Le bleu de Coomasie a été utilisé comme contrôle de charge. Comparativement au milieu de culture standard, avec l’inhibiteur de CXCL5, il n’y a pas d’augmentation de la quantité de protéines DDB2 et XPC, dans les différentes fractions, aux différents temps post- irradiation. L’expérience a été réalisée sur une culture de kératinocytes en triplicata.

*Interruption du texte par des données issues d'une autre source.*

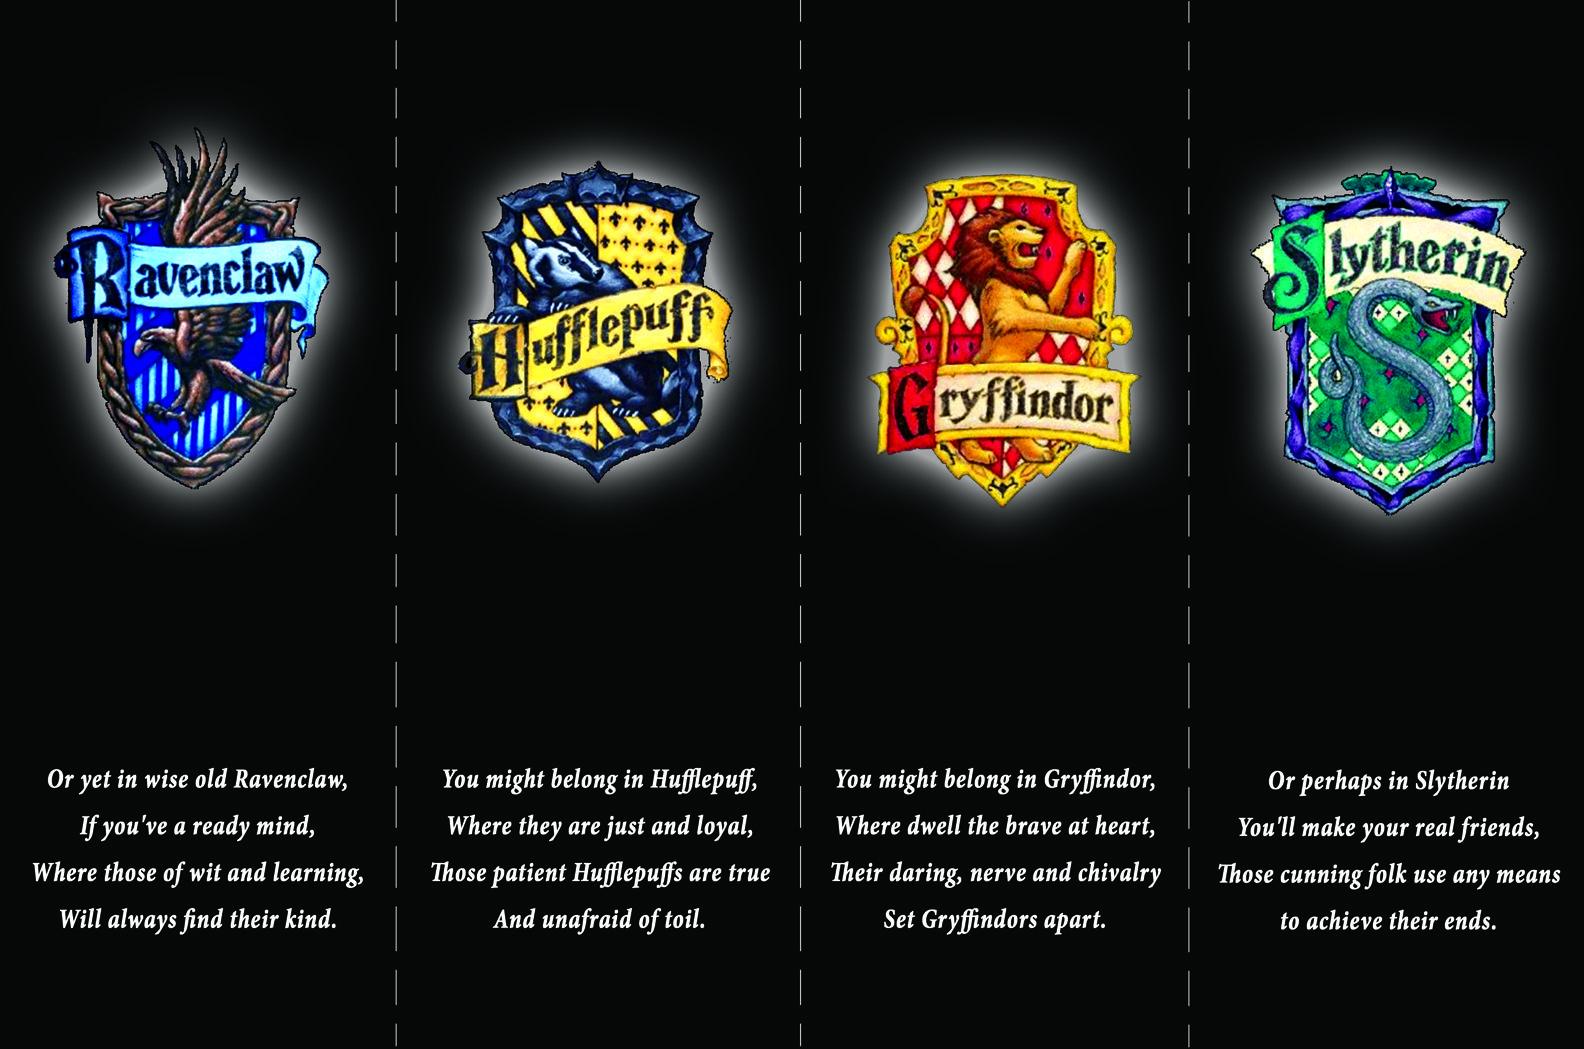 Harry Potter Bookmarks The Four Houses Of Hogwarts From Skiffleboom Com Harry Potter Bookmark Harry Potter Hogwarts Houses Harry Potter Houses

CXCL5 pourrait finalement modifier les nombreux signaux épigénétiques permettant la décompaction de la chromatine pour faciliter la NER et pourrait ainsi induire une moins bonne accessibilité aux dommages (Deem et al., 2012). Il a été démontré, dans d’autres études, que CXCL5 peut activer certaines voies de signalisation intracellulaire comme celles contenant AKT et MAPK (Cui et al., 2018, Wang et al., 2018, Zhao et al., 2017). CXCL5 pourrait alors agir sur la compaction de la chromatine via l’activation de ces protéines, qui elles-mêmes peuvent recruter ou inhiber d’autres protéines comme l’enzyme p300 qui joue un rôle dans l’acétylation des histones lors de la NER (Wang et al., 2013). Il serait donc

intéressant d’analyser les niveaux de méthylation et d’acétylation de la chromatine en présence de CXCL5. Une méthylation plus importante de la chromatine en présence de CXCL5 conférerait une moins grande accessibilité de l’ADN et pourrait expliquer le ralentissement de la NER.

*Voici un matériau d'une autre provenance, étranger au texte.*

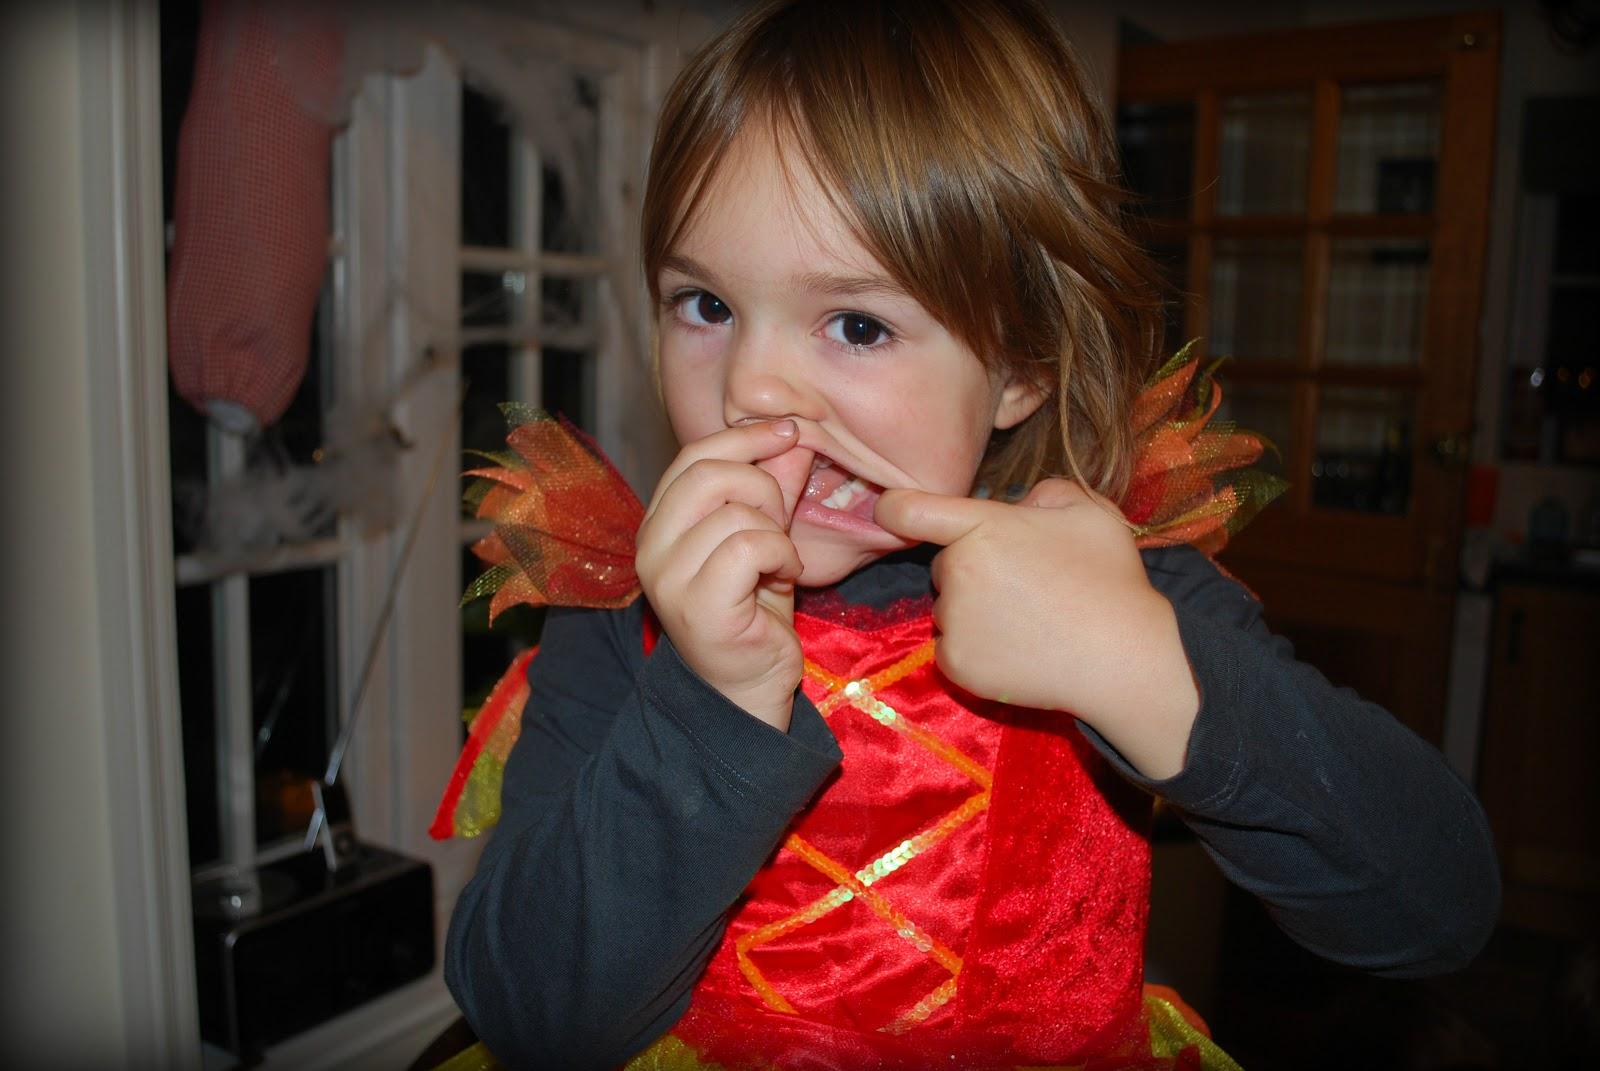 http://3.bp.blogspot.com/-7xx-SAKDsjo/UI27kuKIPlI/AAAAAAAAF-s/DjrNBhdTI2c/s1600/Halloween%2Bdevil%2Bwitch.jpg
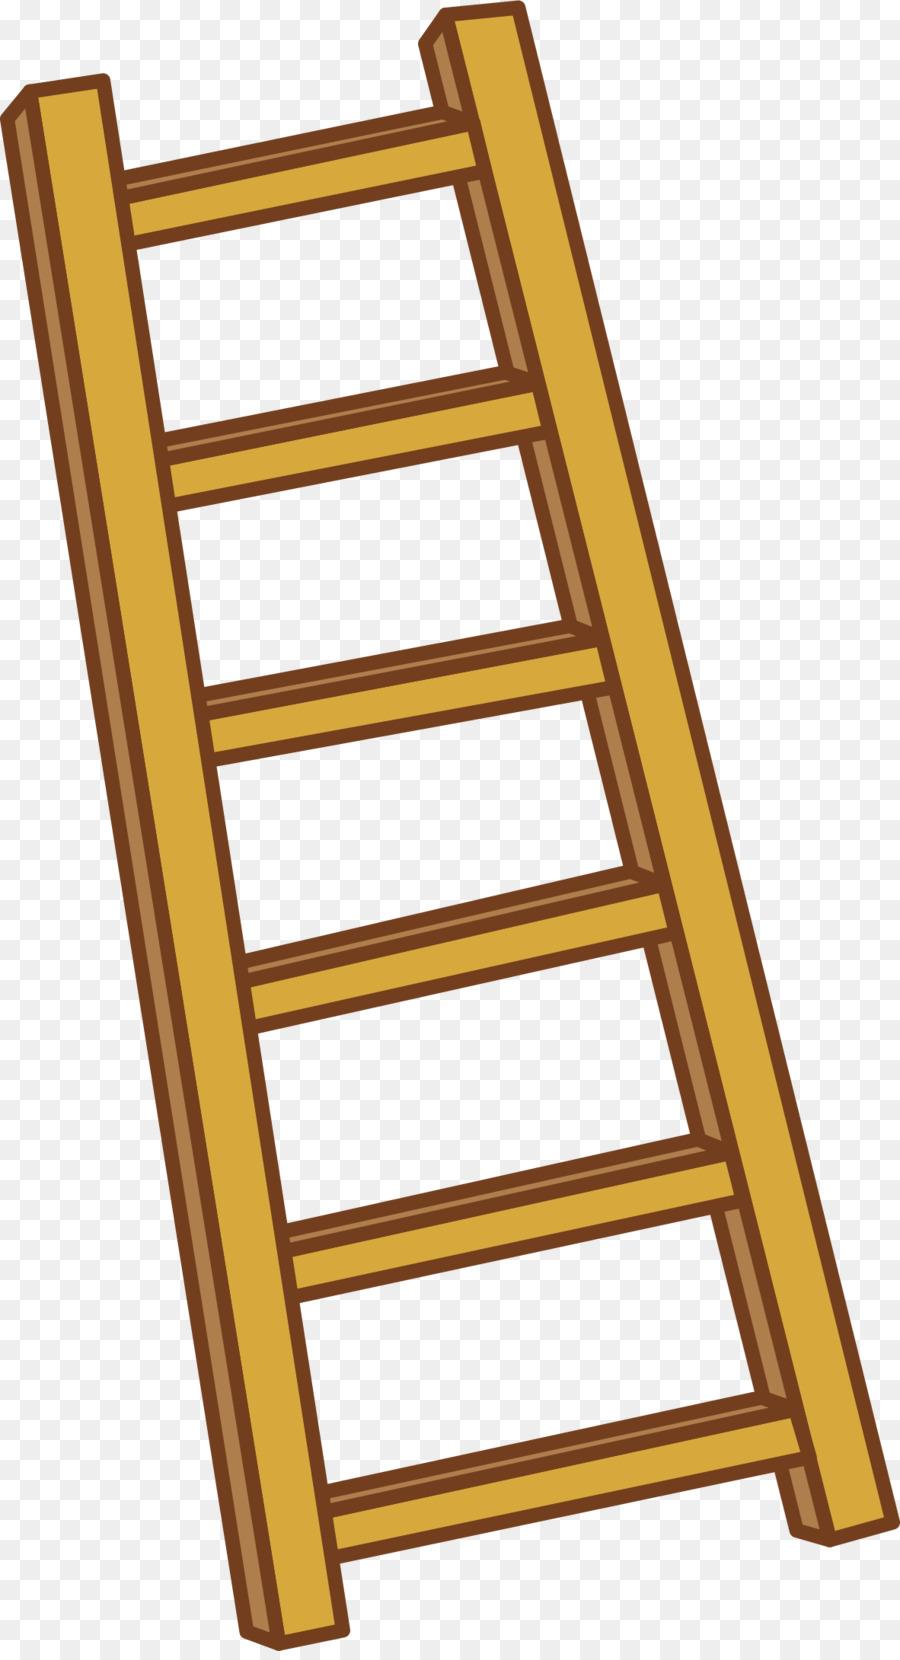 jpg library Clipart ladder. Cartoon wood rectangle

Les molécules extracellulaires de CXCL5, que l’on retrouve dans l’analyse du sécretome, transmettent leur signal dans les cellules via l’activation de voies de signalisation. Déterminer via quelles voies CXCL5 agit permettrait d’avoir une meilleure idée des mécanismes sur lesquels elle opère. Pour caractériser via quelles voies de signalisation CXCL5 transmet son signal dans les kératinocytes, il serait indiqué d’utiliser des trousses de détection permettant de mesurer le niveau de phosphorylation de nombreuses kinases intervenant dans différentes voies de signalisation. Ce screening, à l’aide de trousses comme le Proteome Profiler™ Human Phospho-MAPK Array Kit ou le Proteome Profiler Human Phospho-Kinase Array Kit de R&D Systems, pourrait permettre de déterminer quelles kinases sont préférentiellement activées et donc phosphorylées en présence de CXCL5 dans des kératinocytes. Une étude plus détaillée de la / ou des voies de signalisation ainsi identifiées pourrait permettre de décrire comment CXCL5 transmet son signal impactant la réparation NER dans les kératinocytes.

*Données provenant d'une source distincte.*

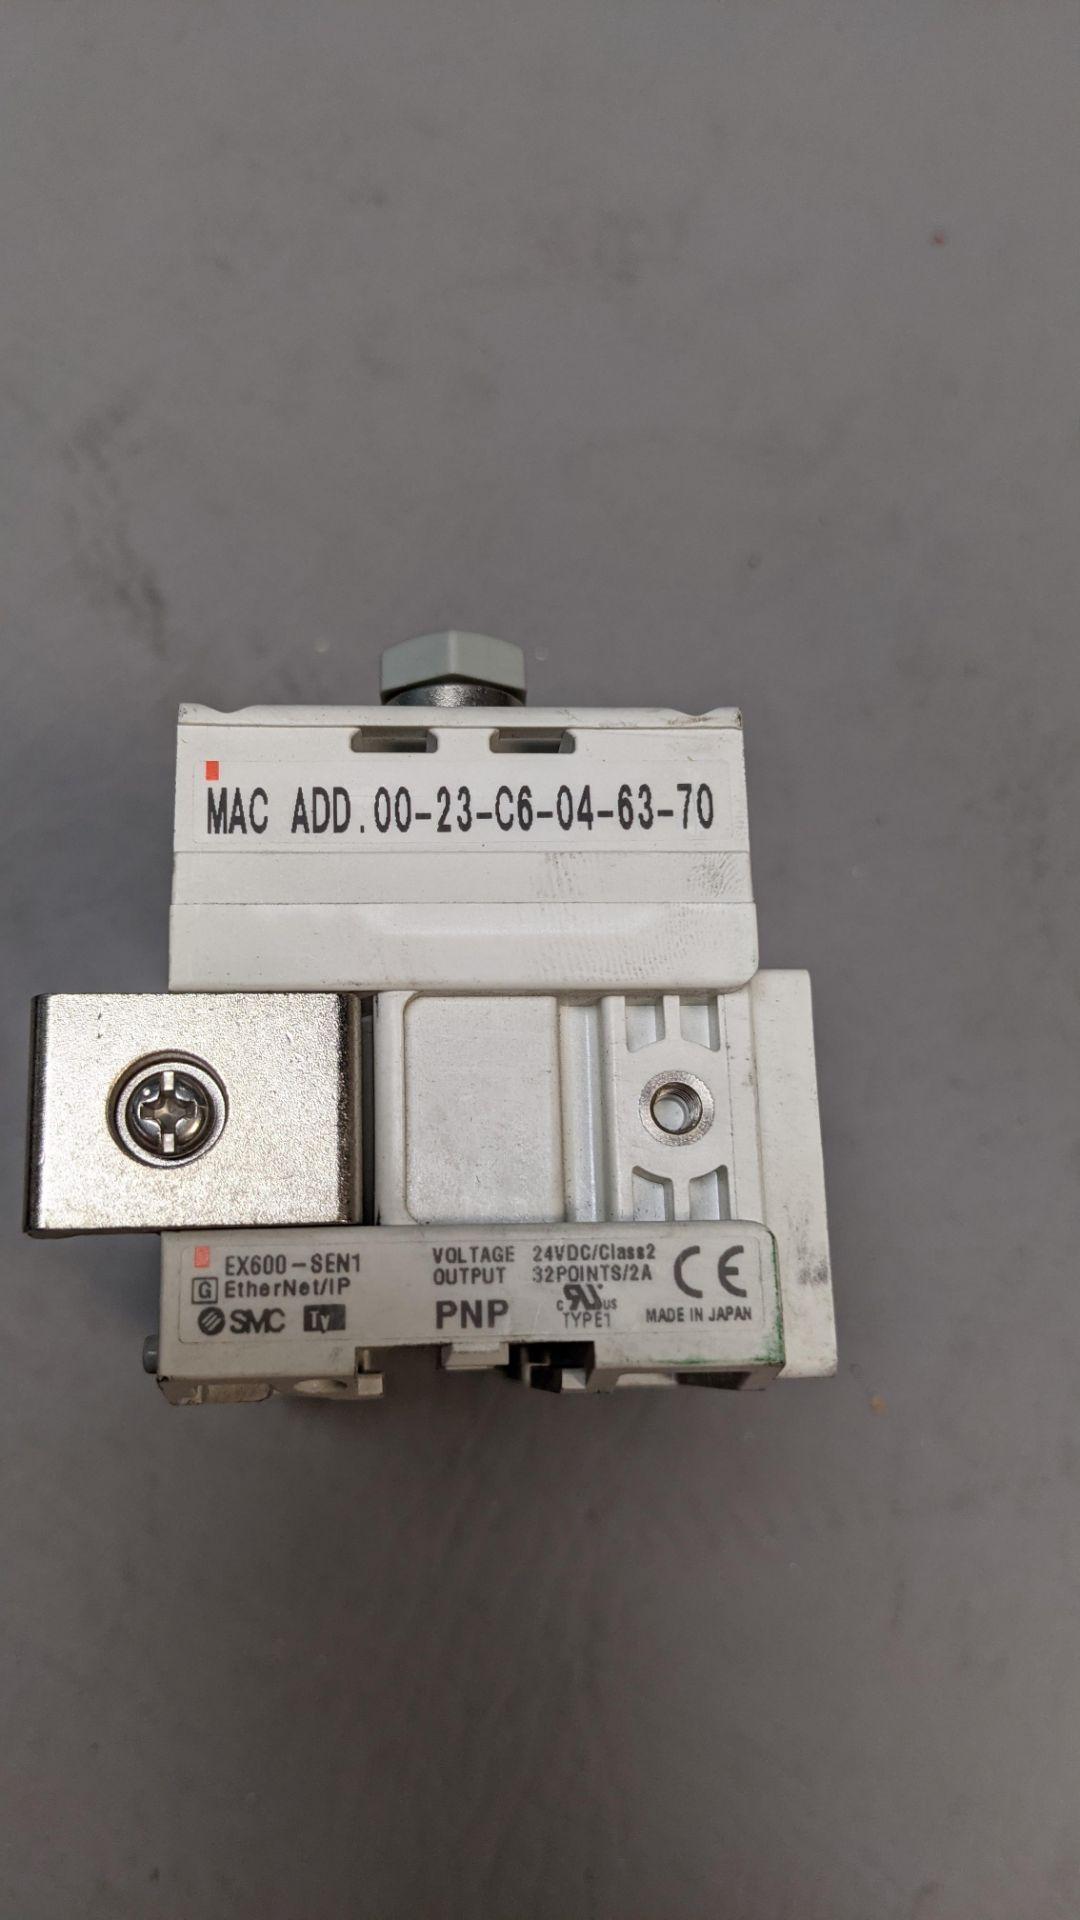 SMC ETHERNET/IP MODULE - Image 2 of 2

Nous avons observé que CXCL5 était quasiment absente du milieu de culture des peaux reconstruites, alors qu’elle est largement présente dans celui des fibroblastes et présente dans celui des kératinocytes. Nous n’avons pas investigué la cause de cette absence dans les peaux reconstruites, mais plusieurs hypothèses peuvent être soulevées pour l’expliquer. CXCL5 pourrait simplement ne plus être exprimée par les fibroblastes et les kératinocytes des peaux reconstruites. Nous avons fait une étude préliminaire de l’expression génique de CXCL5 par RT-QPCR dans les trois modèles. Nos résultats montrent que CXCL5 est fortement exprimée dans les cellules des peaux reconstruites, ce qui invalide cette première hypothèse. Un signal pourrait empêcher les ARNm codants pour CXCL5 d’être traduit dans les peaux reconstruites. CXCL5 pourrait aussi ne plus être sécrétée, mais plutôt gardée à l’intérieur des fibroblastes et des kératinocytes dans le contexte des peaux reconstruites. Ou encore, CXCL5 pourrait être sécrétée par les fibroblastes et séquestrée dans la MEC dermique. En effet, les composants de la MEC ont la capacité de lier des molécules de signalisation, comme des facteurs de croissance ou des cytokines, contrôlant ainsi leur diffusion à travers la matrice, leur portée d’action et leur durée de vie tout en stimulant ou inhibant leur activité de signalisation (Tobin, 2017). Nous pourrions faire des

immunohistofluorescences, avec un anticorps dirigé contre CXCL5, sur des coupes de peaux reconstruites pour déterminer la localisation de la protéine. Ceci nous permettrait de visualiser si CXCL5 est absente des coupes, si elle est trappée dans la MEC ou si elle reste contenue dans les cellules.